Don't cannibalize your own sales. Co-branding partners simply need to be complementary, not competitive.
Len Lewis, President, Lewis Communications, Inc.
Pick the right partner and co-branding is a great strategy. Pick the wrong one and it's a brand buster.
I have a slightly different view on co-branding. Whereas, in some cases it might provide some impact for one of the brands, I believe that in more cases than not, the brand equity of one or both brands is compromised.
David Biernbaum, Senior Marketing and Business Development Consultant, David Biernbaum Associates
Co-branding at the level of Lays/KC is a whole different animal from co-branding at the Ford/Harley-Davidson level. While it's true that the brands should be complementary, and equals in the eyes of consumers, in the case of something like Ford/Harley, it needs to be about more than brand: the two together should offer something more than what you get from either. It's not just about 1+1=3, it's about collaborating on the design and/or offering to make sure that the best of both brands are offered. That's a lot more involved than just slapping another logo next to yours.
Costco was a retail pioneer here, and has done a great job with this.
Warren Thayer, Editor & Managing Partner, Frozen & Dairy Buyer
The perils of co-branding have already been mentioned in the article. One brand's mistake can hurt the other co-brand's brand, so like a good marriage, both parties have to always be cognizant of the other partner's feelings, and make certain that the lines of communication remain open.
While it is difficult for me to pinpoint my favorite co-brands, 7-Eleven does a great job with its co-branded Slurpees. It allows them to charge a premium for sugary flavored ice.
I think there can be a lot of value in co-branding, especially when it's a retailer and a national brand teaming up. The brand benefits by gaining a more solid foothold in the outlet, while the retailer can offer an exclusive. Weight Watchers meals at Applebee's, Kroger Brand ice cream with Oreos, these a few examples where both brands win...and so do consumers.
Another type of co-branding that is mutually beneficial but often overlooked, happens in-store when manufacturers co-brand with retailers. Retailers who have a strongly positioned brand in the minds of their shoppers (e.g.
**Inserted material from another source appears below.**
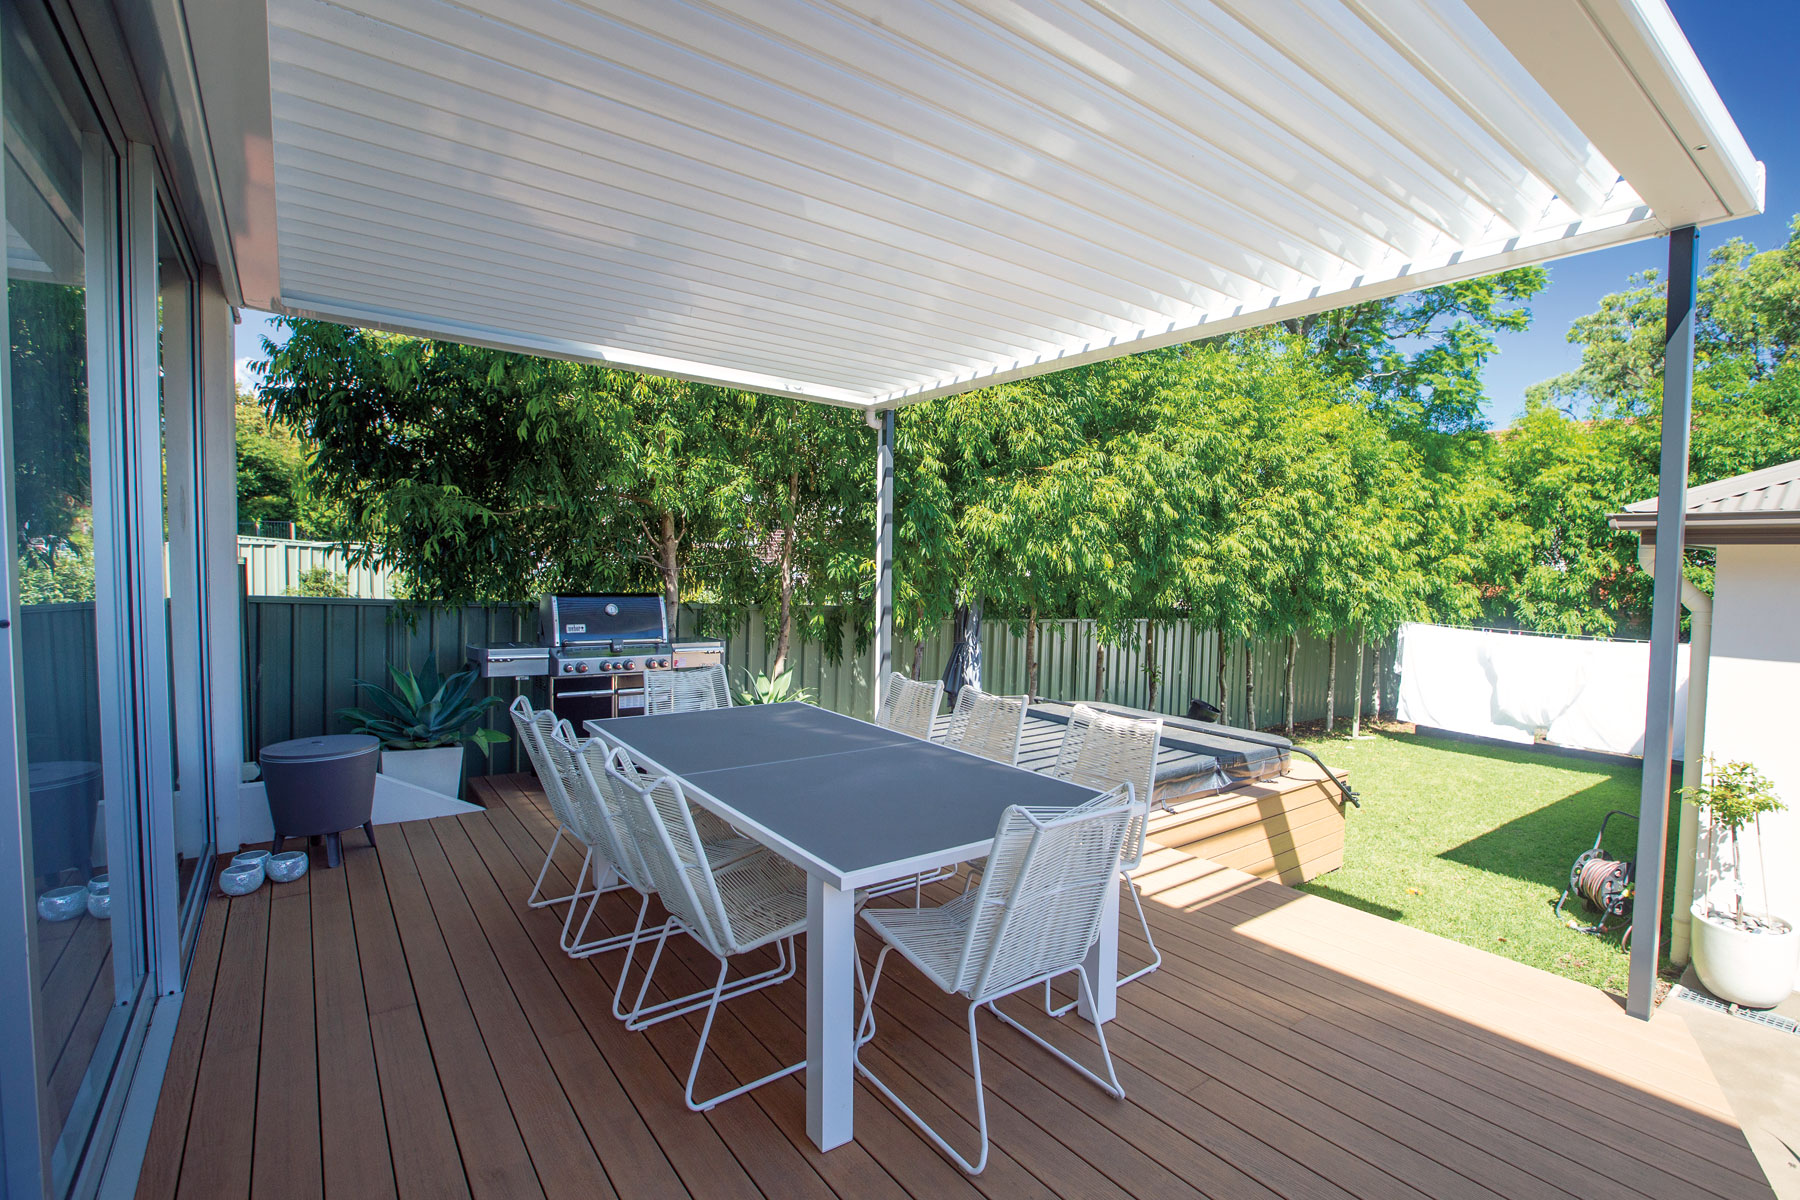 Pergolas Geelong | Melbourne Pergola | Carport | Hoppers
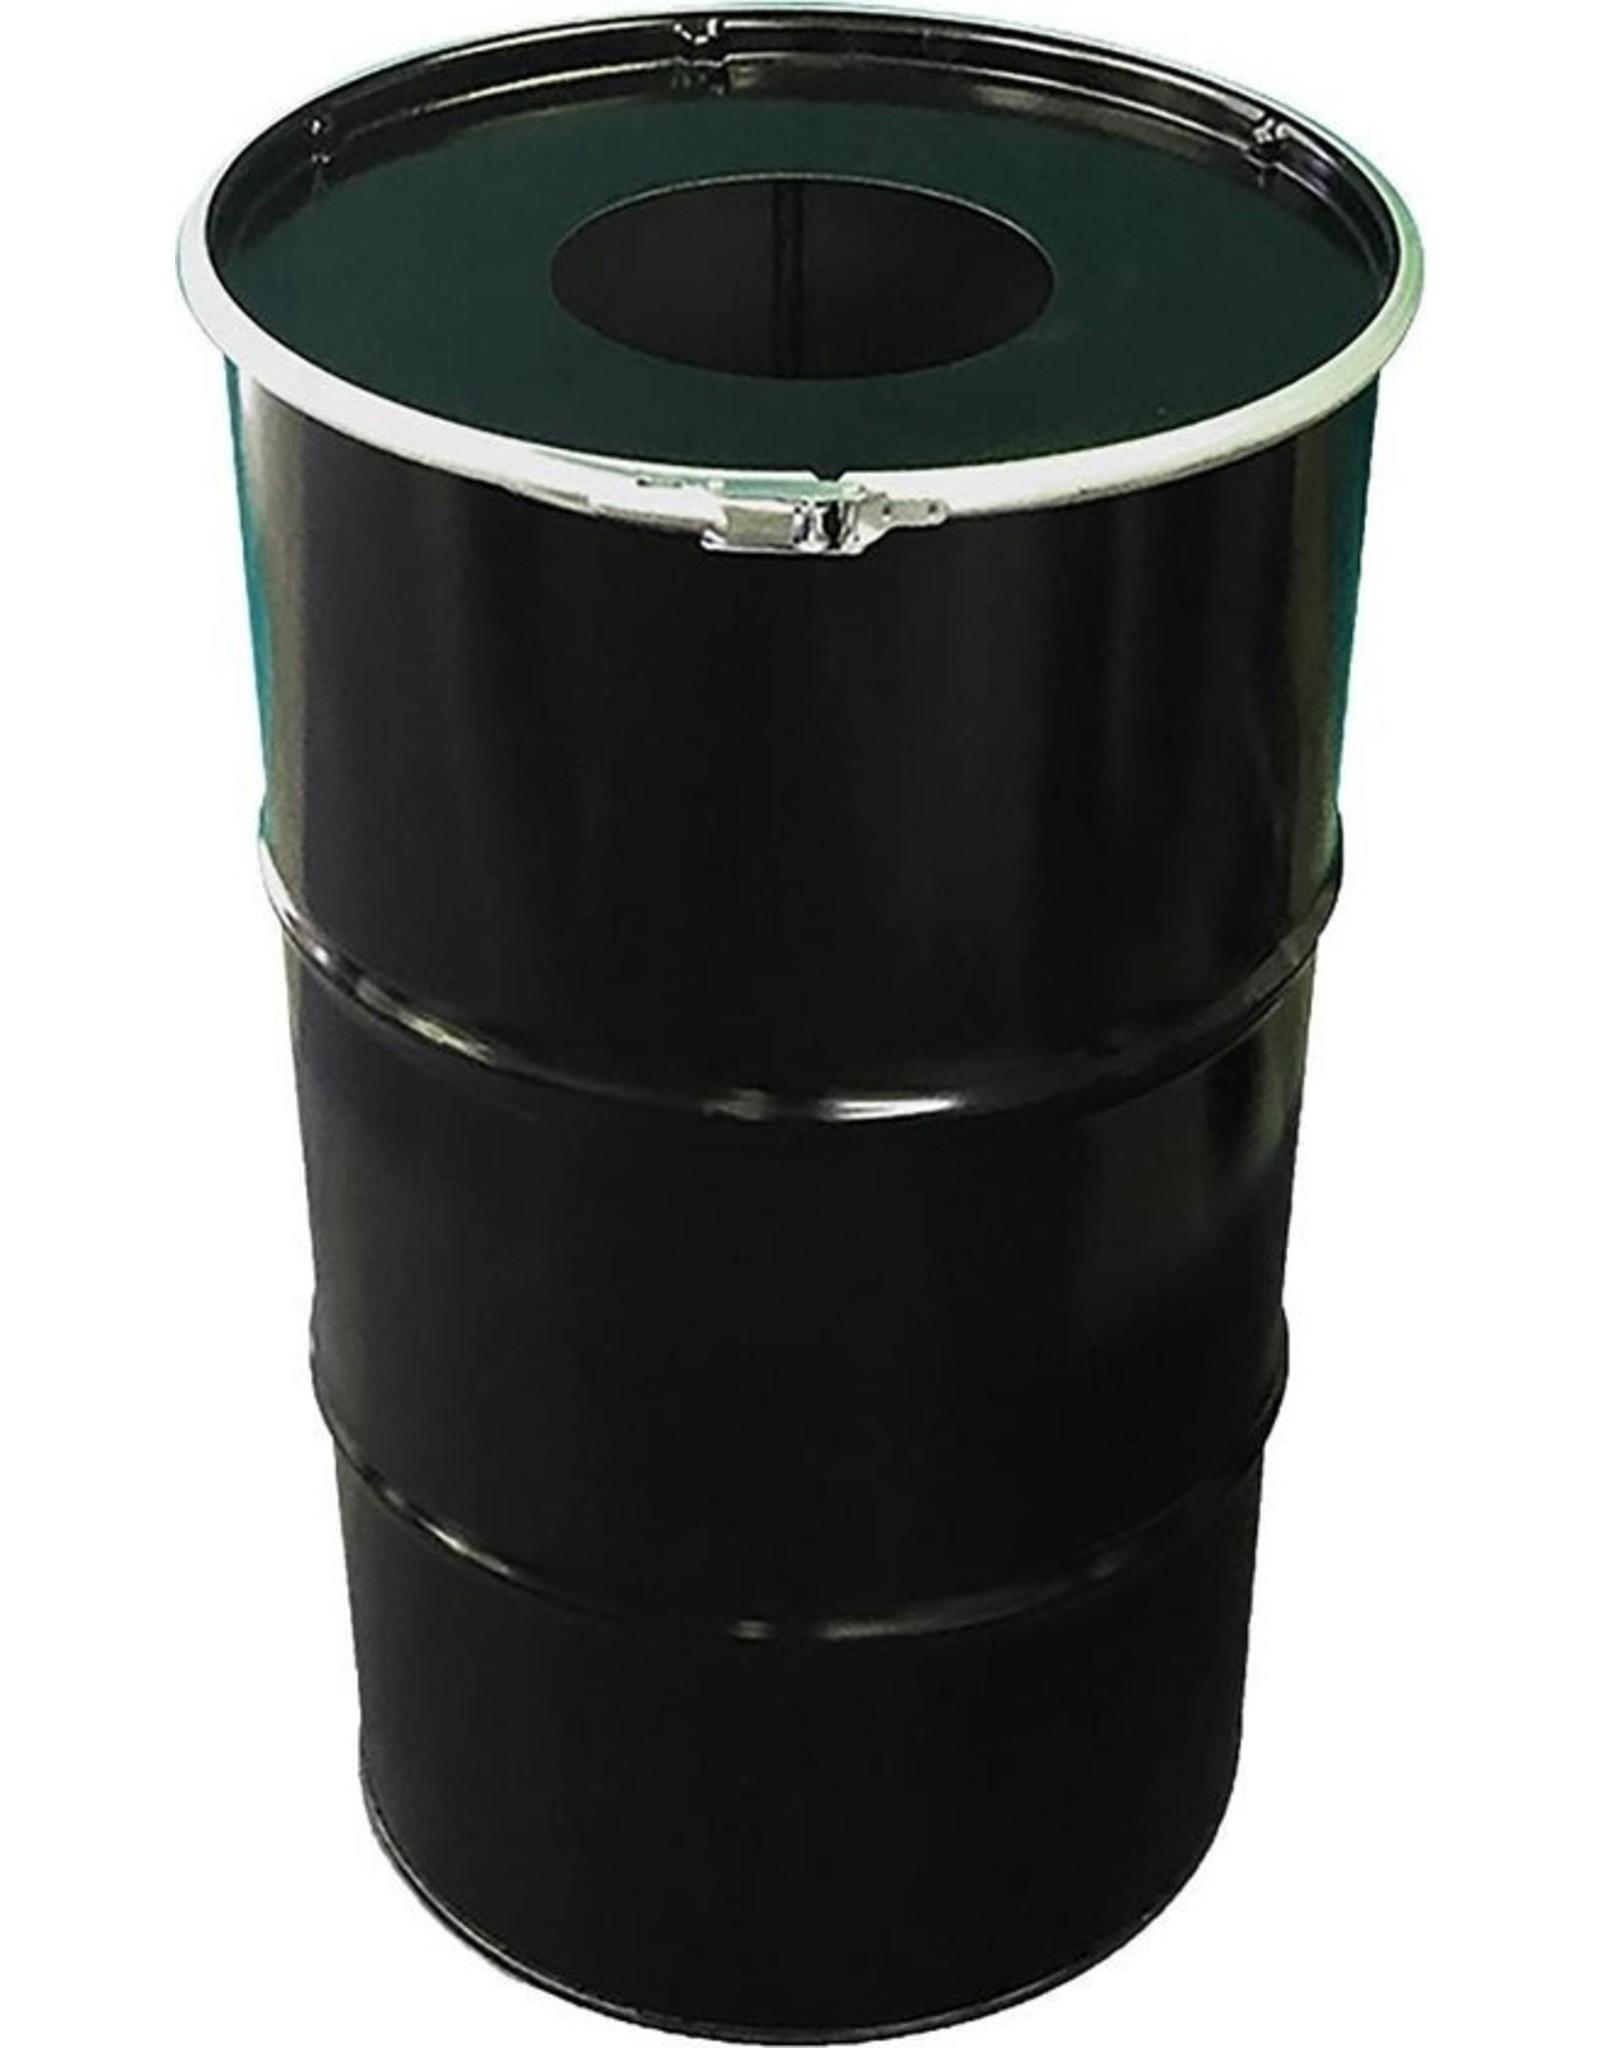 The Binbin BinBin Hole Industriële prullenbak 120 Liter met gat in deksel

Publix or Aldi) lend that goodwill to manufacturers through providing media space, signage and graphic presentations.
With the right product, right partner, and right idea, co-branding is a great idea. If everything doesn't match, all the partners are losers.
Camille P. Schuster, Ph.D., President, Global Collaborations, Inc.
Co-branding makes a lot of sense under the right circumstances, and can drive brand synergy as well as incremental sales. But the most important point is to ensure that the two brands in question are co-equals: They need to have parallel status in the eyes of the consumer or one of them will dilute the value of the other. At the same time, there should be a clear relationship between the two brands in question. Are they both food categories, or luxury travel brands, or home cleaning products? If so, co-branding makes a lot of sense...if not, the consumer just isn't going to see the relationship.